Mary gave Daisy the baby, then chased Wyatt down before he picked up another gadget Flint had been working on. Flint, Mary’s husband, had kept a respectable distance from Daisy. She often saw pity in his kind eyes, but unlike Mary, he wasn’t trying to push a parental relationship on Daisy. He thankfully gave her space.

Unlike Julius who’d demanded the world from Daisy, Flint seemed to be the sort who would gladly support her as she made up her own world.

She liked him for it.

Every cell in Daisy’s body froze under the weight of the baby in her arms. From her swaddle, Amari blinked up at Daisy with wet, blue eyes.

“Why has it stopped crying?” Daisy asked anyone within range. “It was making noise and now it’s not.”

She searched the room for help, but no one paid her attention. The baby cried again and Daisy relaxed, then promptly freaked out because it had started crying again. With her heart in her throat, she paced the length of the room, jiggling the bundle in her arms. That’s what Mary had done. It should work.

But Amari still cried.

Was she hungry?

But Mary fed her not that long ago, hadn’t she?
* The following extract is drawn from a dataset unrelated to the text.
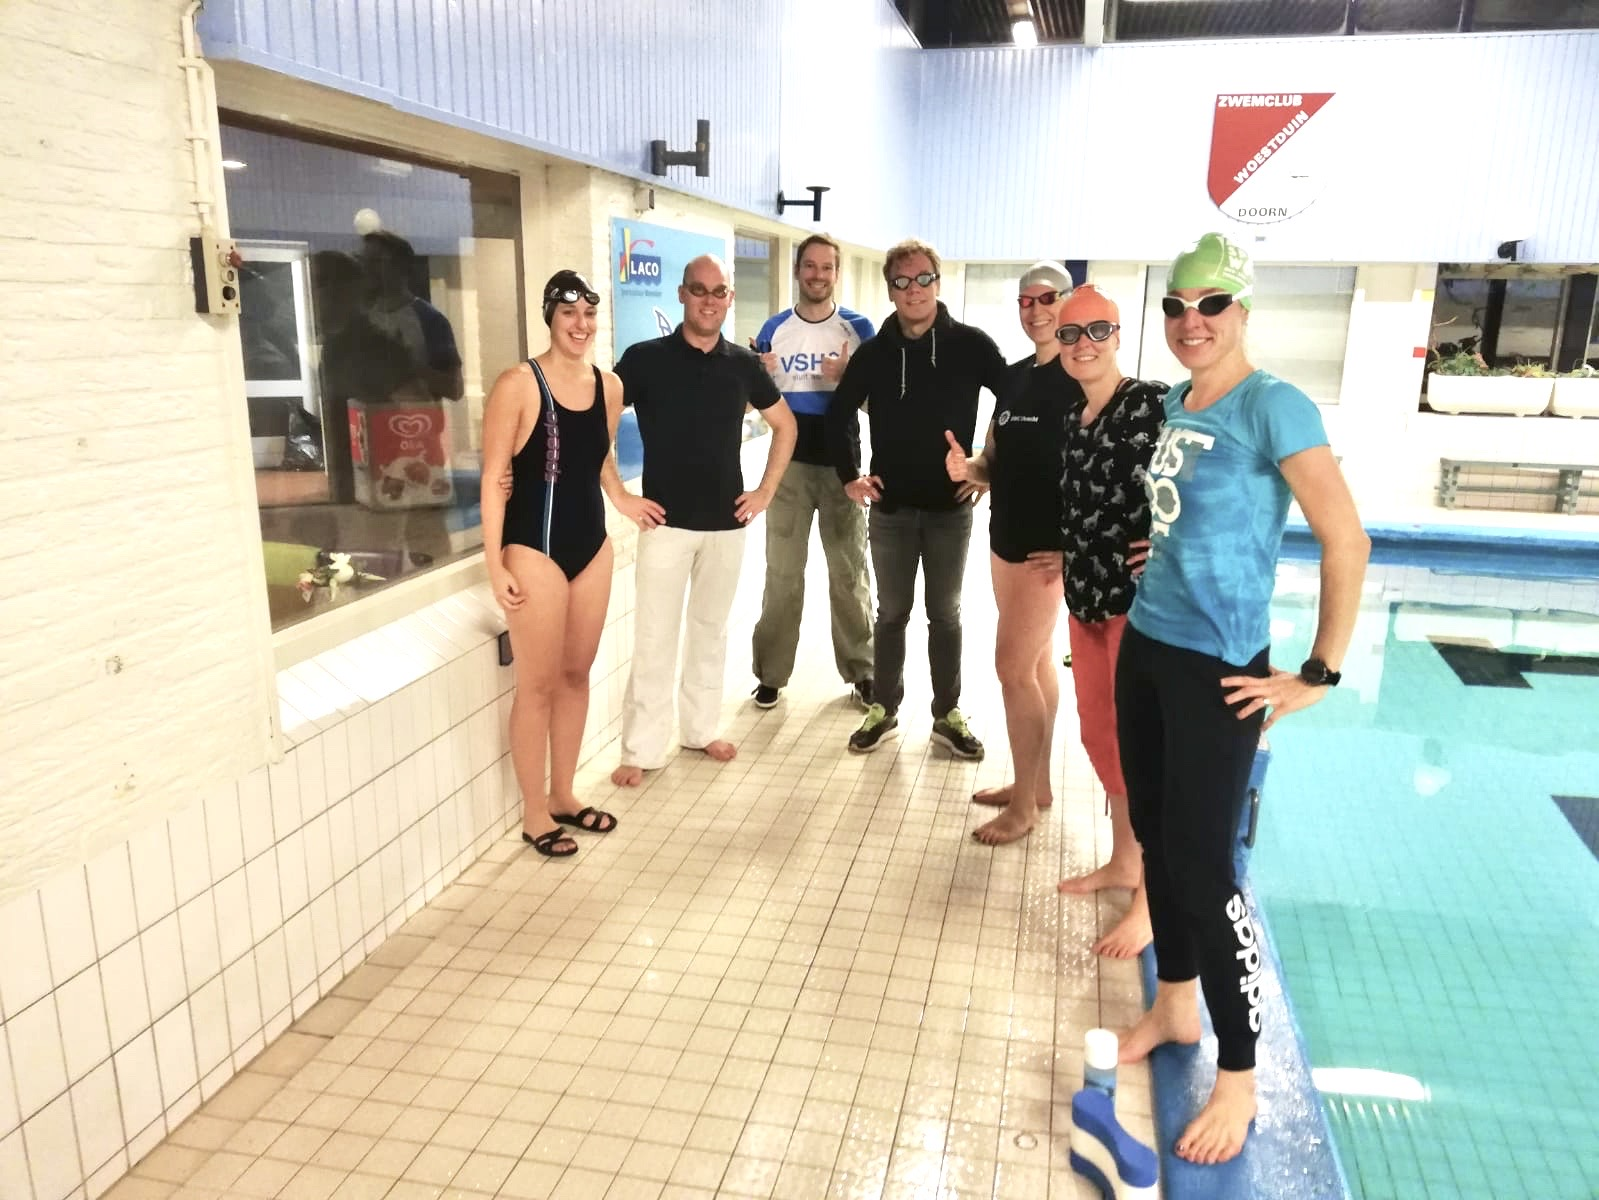 vereniging - UHTT reddend zwemmen clinic - Triathlon training in de herfst en winter bij UHTT: hoe doen we dat? - Zwemmen, winter, triathlon training, programma, MTB, Hardlopen, Fietsen

Maybe she missed her mother. A slice of guilt hit Daisy and she wished she could do more to help her siblings find their kidnapped mates, but the truth was, over the past year Daisy had been included in less of Julius’s machinations than at the start. Looking back, she could see that he’d distanced himself from her as much as he could without raising suspicion. Perhaps it had started the moment Daisy realized he’d lied to her. He’d said her siblings had always known she was alive. The distance grew when she discovered Julius had DNA samples of his family—his first wife and daughter—in a locket around his neck, hoping to bring them back as replicates.